Hanif Mohammad Trophy
- Administrator: Pakistan Cricket Board (PCB)
- Format: Non-first-class four-day
- First edition: 2023–24
- Latest edition: 2025
- Tournament format: Round-robin
- Number of teams: 12
- Current champion: Islamabad
- Most successful: Islamabad
- Qualification: Quaid-e-Azam Trophy
- Website: www.pcb.com.pk

= Hanif Mohammad Trophy =

The Hanif Mohammad Trophy is a cricket event arranged by the Pakistan Cricket Board (PCB), honoring Hanif Mohammad, a key figure in Pakistan's early cricket history. It's a way to pay homage to his skill, passion, and lasting impact on the sport.

==Format==
The Hanif Mohammad Trophy is a four-day grade-II cricket tournament involving 10 regional teams during the domestic season. It acts as a stepping stone for regional teams to advance to the Quaid-e-Azam Trophy, the top-level first-class competition. The winning team of the Hanif Mohammad Trophy earns promotion to the Quaid-e-Azam Trophy, while the last-placed team in the first-class tournament is demoted to the grade-II event.

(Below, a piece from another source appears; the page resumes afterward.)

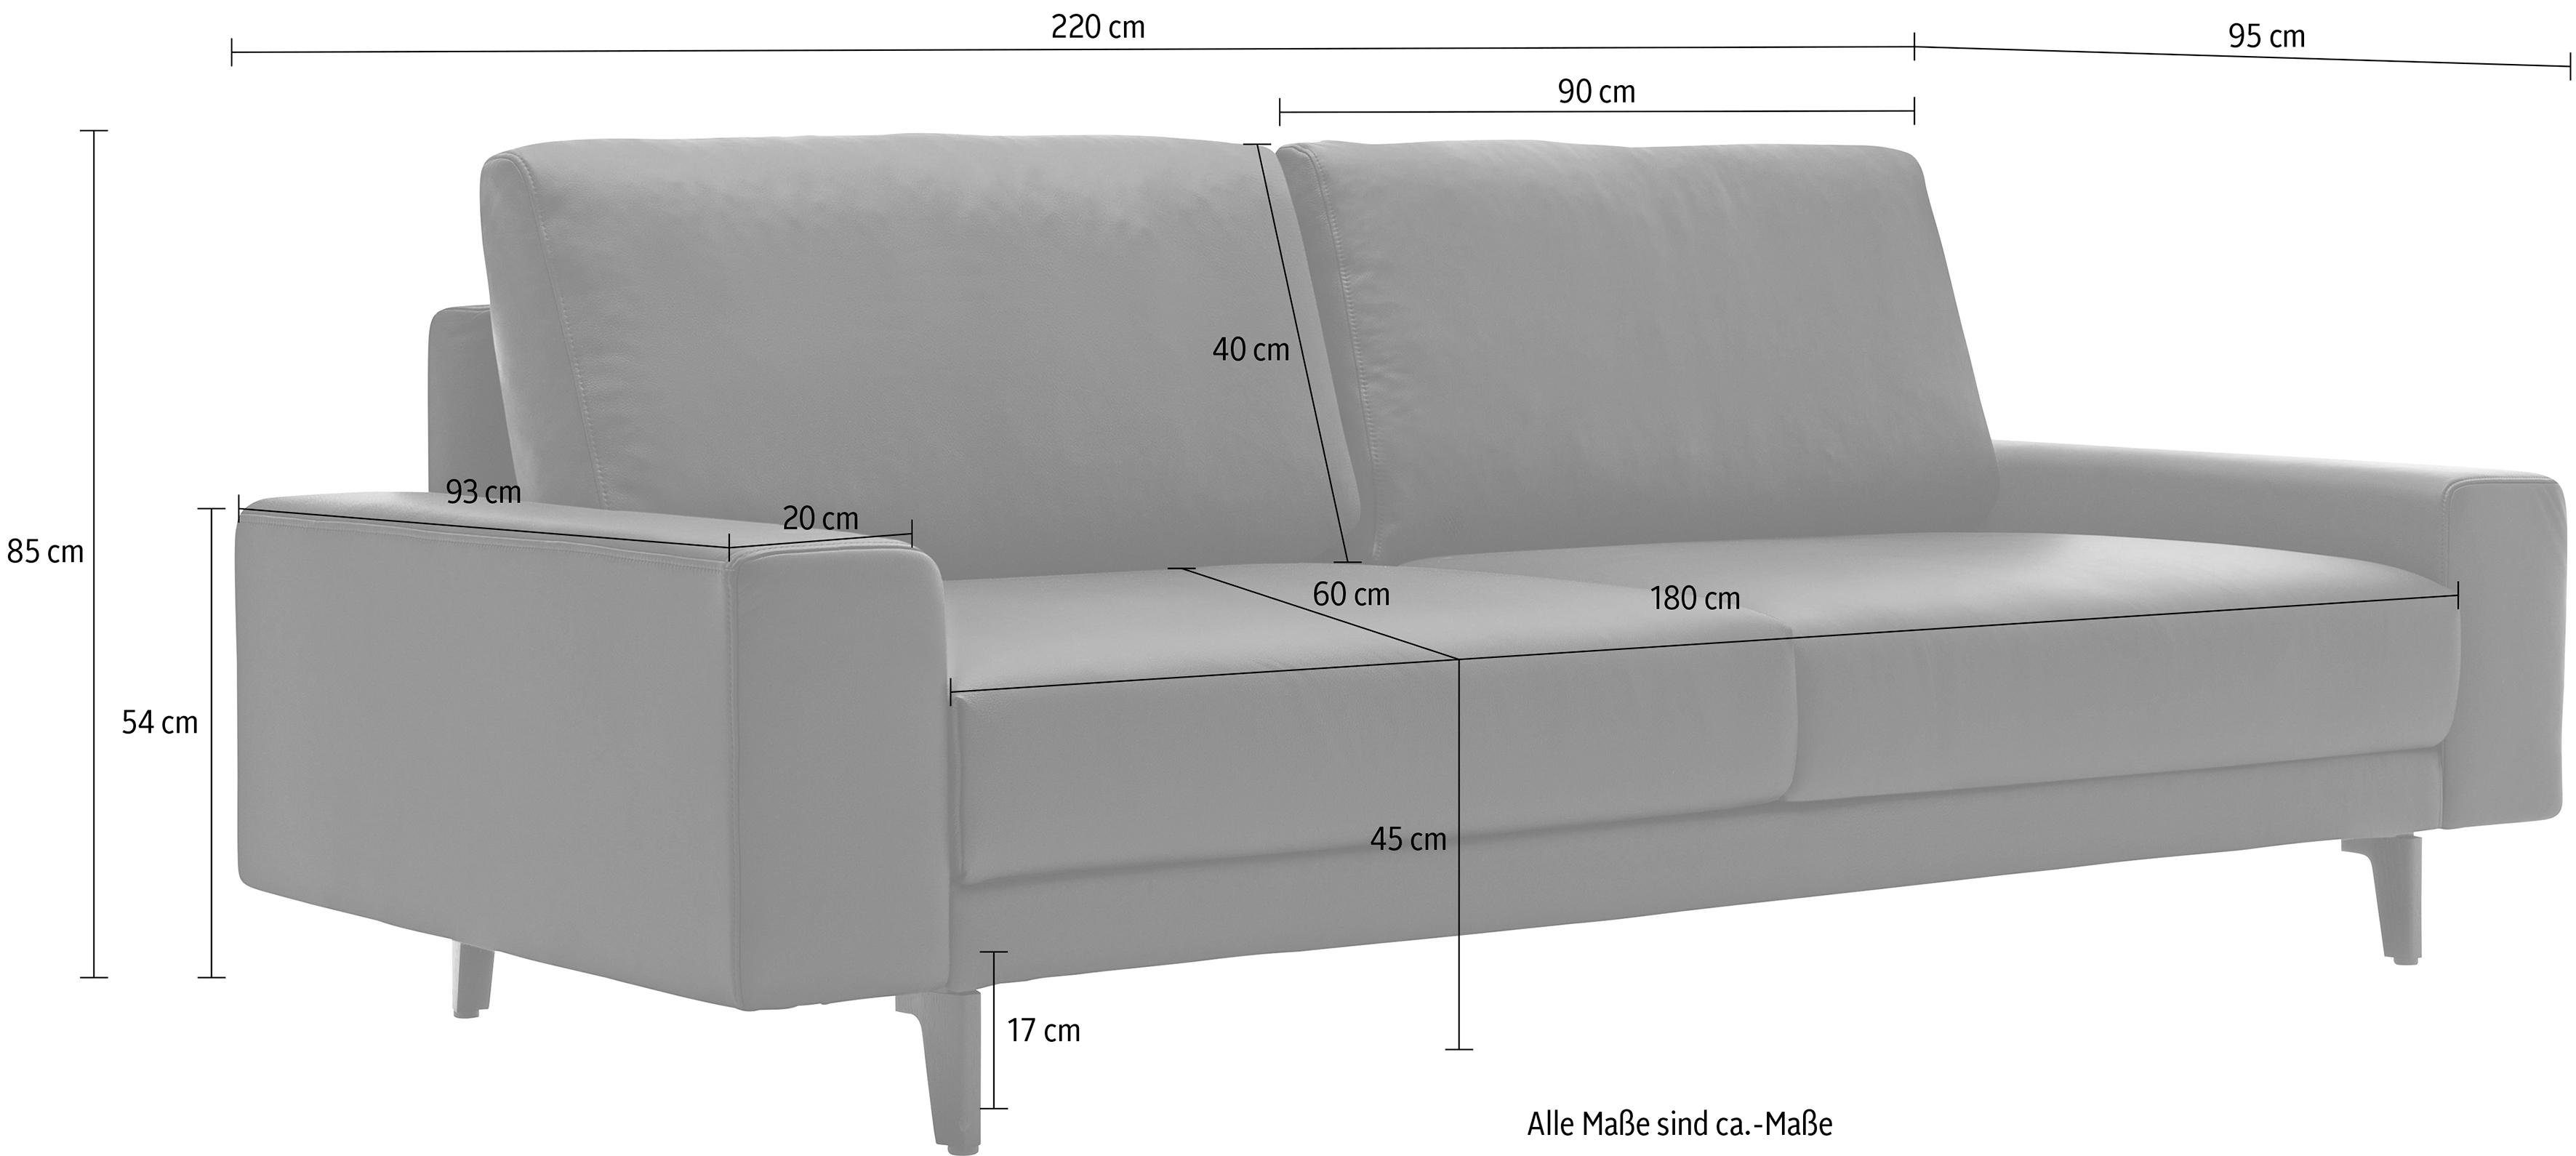 hülsta sofa Armlehne in Breite 220 umbragrau, Alugussfüße hs.450, 3-Sitzer breit cm niedrig,

==Inaugural season (2023-24)==
The first season of the Hanif Mohammad Trophy was held during the 2023-24 domestic cricket season.
===Notable performances===
- Abdul Wahid Bangalzai and Mohammad Ammar both scored centuries in one of the matches. On the day the tournament began.
- Jawad Ali from Hyderabad had an outstanding performance, taking an impressive seven-wicket haul and emerging as the star player of the day.

===First round victories===
- Islamabad and Bahawalpur emerged victorious in the first round of matches.
- Abbottabad and Quetta notched their first wins of the season.